Critiques

KEN Mode

Void

  • Artoffact Records
  • 2023
  • 40 minutes
8
Le meilleur de lca

L’année dernière, le trio winnipegois nous avait présenté le premier de deux albums jumeaux. Paru en septembre 2022, Null est caractérisé par un subtil virage sonore et ce n’est certainement pas étranger à l’arrivée de la multi-instrumentiste Katryn Kerr (piano, saxophone atonal, violoncelle, etc.). Même si l’auteur de ces lignes souhaitait un apport sonore plus significatif de la part de la nouvelle venue, ce premier effort laissait au moins entrevoir le possible élargissement du potentiel orchestral et compositionnel de KEN Mode.  

Voilà maintenant Void. Les chansons regroupées sur cet opus ont été colligées par Andrew Schneider pendant les mêmes sessions d’enregistrement que Null. Cette fois-ci, on y entend clairement l’effort de régénération que le groupe souhaitait administrer à ses nouveaux morceaux. Pour une chanson puissante et agressive comme l’introductive The Shrike — et typiquement KEN Mode, disons-le —, Jesse Matthewson (voix, guitare) et ses ouailles dévoilent un visage remodelé avec la superbe These Wires qui nous transporte officiellement dans leur nouvel univers. Mélancolique et émouvante, on peut y entendre en conclusion le piano frémissant de la multi-instrumentiste.

Dans We’re Small Enough, les synthés de Katryn Kerr sont de nouveau à l’avant-plan et n’amenuisent en rien la furie habituelle proférée par le groupe. On salue aussi avec enthousiasme le saxophone atonal entendu dans I Cannot. On pense au martèlement de la formation Swans dans A Reluctance of Being et Painless est un brûlot punk métal fort efficace.

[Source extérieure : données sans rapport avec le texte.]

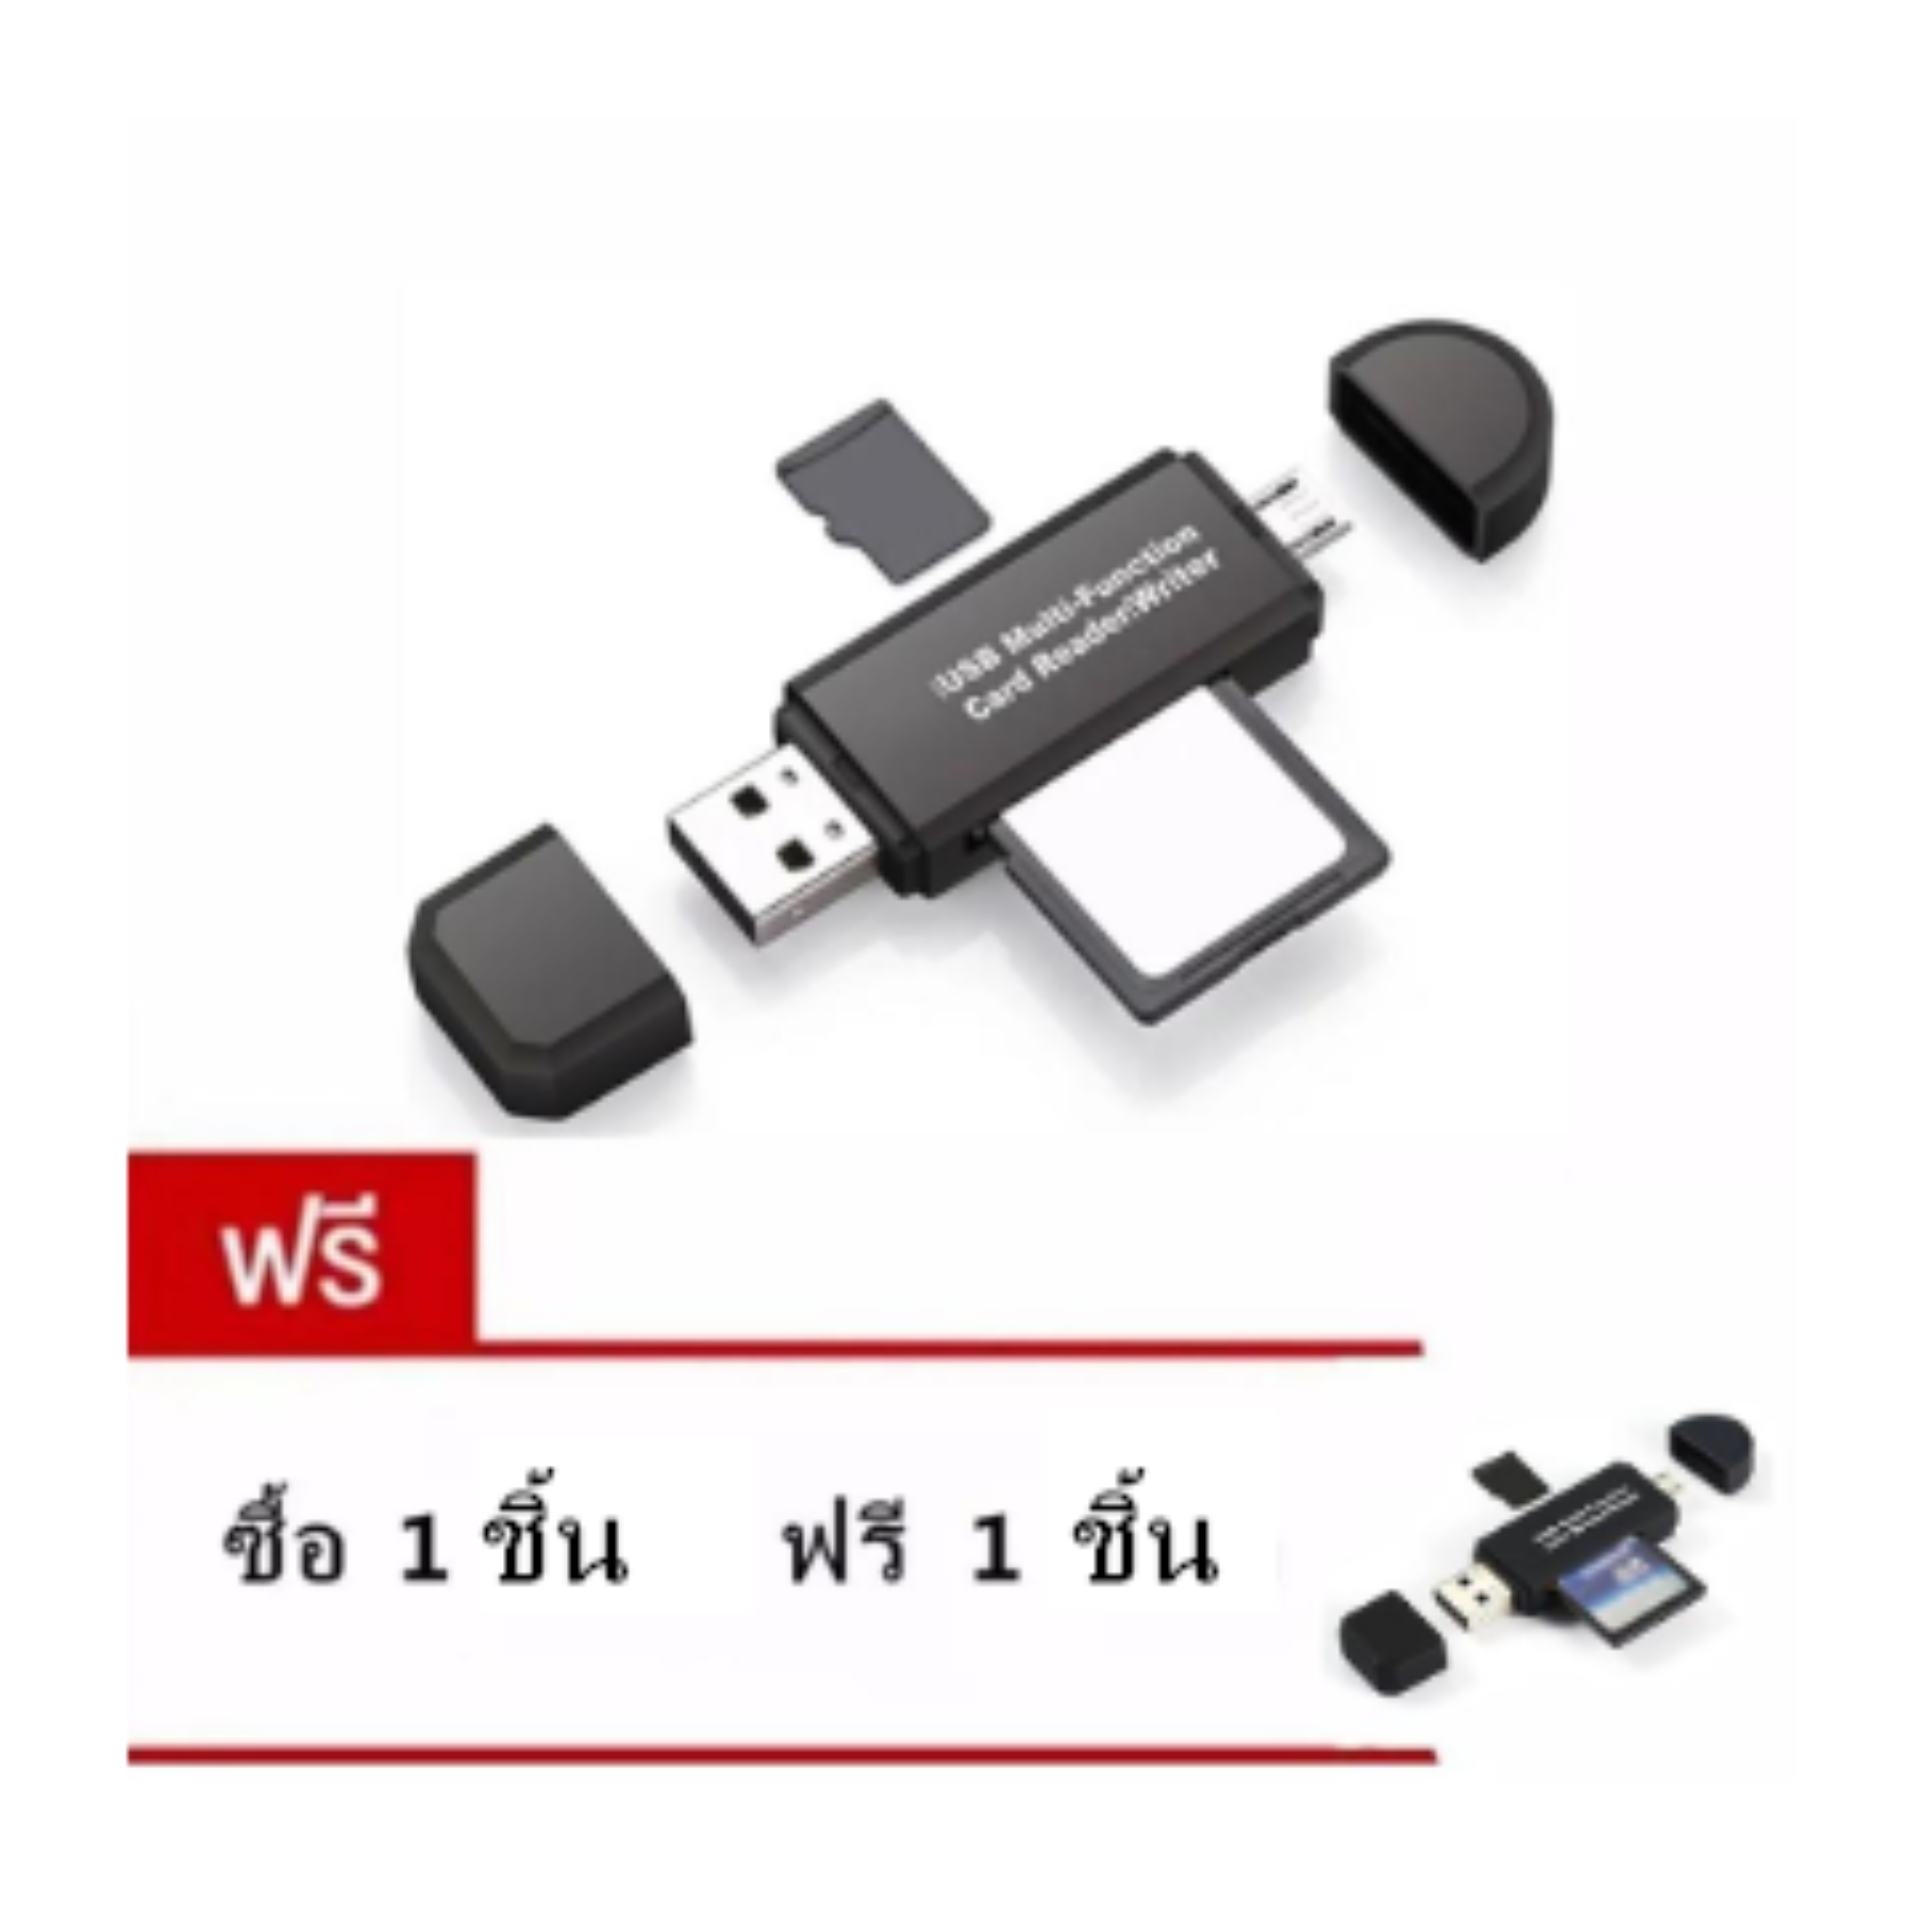 OTG Card Reader Micro SD/SD Card/USB TF ความเร็วสูง 2.0 Card Reader ซื้อ 1 แถม 1 ฟรี เครื่องอ่านการ์ด OTG

Littérairement, KEN Mode nous replonge dans ce florilège d’émotions contradictoires que nous avons toutes et tous ressenties au climax de la pandémie de Covid-19. Dans la conclusive Not Today, Old Friends, Matthewson pose un regard très dur, mais juste, sur ces personnes qui font un grand cas de leur générosité et de leur empathie… ces individus qui affirment se soucier réellement de leur prochain, mais qui, si on gratte ce vernis « compatissant », nous permet de découvrir une sorte d’hypocrisie habilement alimentée par le marketing dit « relationnel ». Cette pièce est la plus originale de tout le répertoire de KEN Mode.

That kindness, no matter how grating

That concern, no matter how fleeting
That love, no matter how bloodless
Has been noted
And isn’t that what matters?

– Not Today, Old Friends

En faisant une place plus importante à Katryn Kerr, la formation canadienne concrétise l’ambition de s’extirper de sa recette coutumière. À la fois puissant et spleenétique, ce Void est une évocation pertinente du lourd fardeau affectif porté par certains de nos compatriotes pendant cette pandémie.

Si vous aimez un groupe comme Chat Pile, mais en mode plus « enragé », vous adorerez la nouvelle approche de KEN Mode.

Un pari orchestral équilibré et réussi.